Friday, October 23, 2009

Roles of Mothers in Disney Media


In this weeks reading, Are Disney Movies Good For Your Kids?, Giroux brings to light the values that are portrayed in Disney movies that the public, specifically parents of young kids, may not know. In Wednesday’s class, we discussed how the heroes and heroines of most Disney movies come from unstable family backgrounds; most are either orphaned or have no mothers. There is much debate about the reasoning behind this phenomenon. In doing some research on this topic, I found that some allege that it comes from the guilt that Walt Disney had about the death of his own mother, Flora Call Disney. Some feminists believe that the absence of mothers in Disney movies it is to create dramatic interest in the main characters; if mothers were present to guide them, the plot would not be as interesting. Others believe that it is to show that a happy family does not have to consist of a traditional, cohesive family with a mother, father and a child. Such examples are Pinocchio having no mother, Belle in Beauty and the Beast having no mother, and Quasimodo’s mother being killed in The Hunchback of Notre Dame. To many of my peer’s dismay, I am not a big fan of Disney movies and in all honesty, cannot recall ever sitting through a whole one. I am therefore not familiar with the plot of any of Disney’s movies. As a kid, however, I was an avid watcher of Mary Kate and Ashley’s films and television series.

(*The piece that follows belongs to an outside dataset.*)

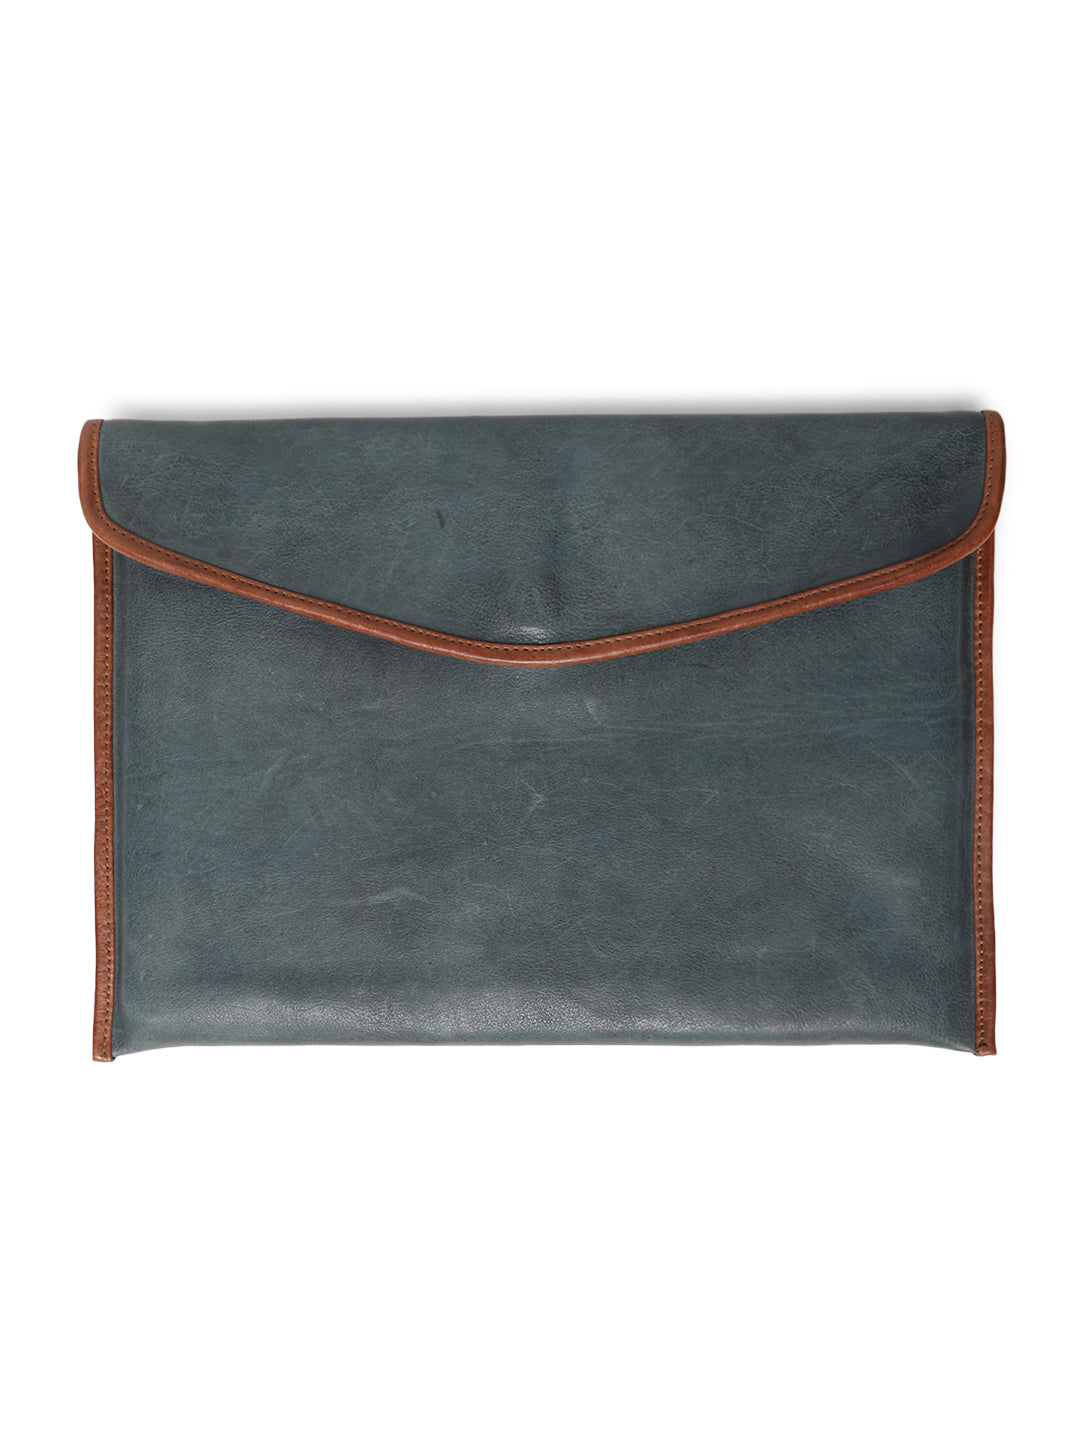 SleekSkin: Navy Genuine Leather Laptop Sleeves

A recurring theme in the Olsen twins’ acts was the absence of a mother figure. One such show was Two of a Kind, which appeared on ABC Family in 1998 and 1999. ABC family is a cable television network currently owned by ABC Family Worldwide Inc., a division of The Walt Disney Company. In Two of a Kind, the main premise of the show is that Mary Kate and Ashley are being raised by a single father. Many of the episodes revolve around the feats that their dad faces raising a set of twins alone. Likewise, in their 1998 movie, Billboard Dad, the twins’ father is widowed and they decide to paint an advertisement on a giant billboard on Sunset Boulevard to find their dad a girlfriend. In the first, their mother is never mentioned and in the latter, their mother died.

While I was always aware of this theme of a mother’s absence in the Olsen’s movies and television shows, I was not cognizant of this overall theme of the lack of mothers’ roles in the media. Why is the media hating against mommas?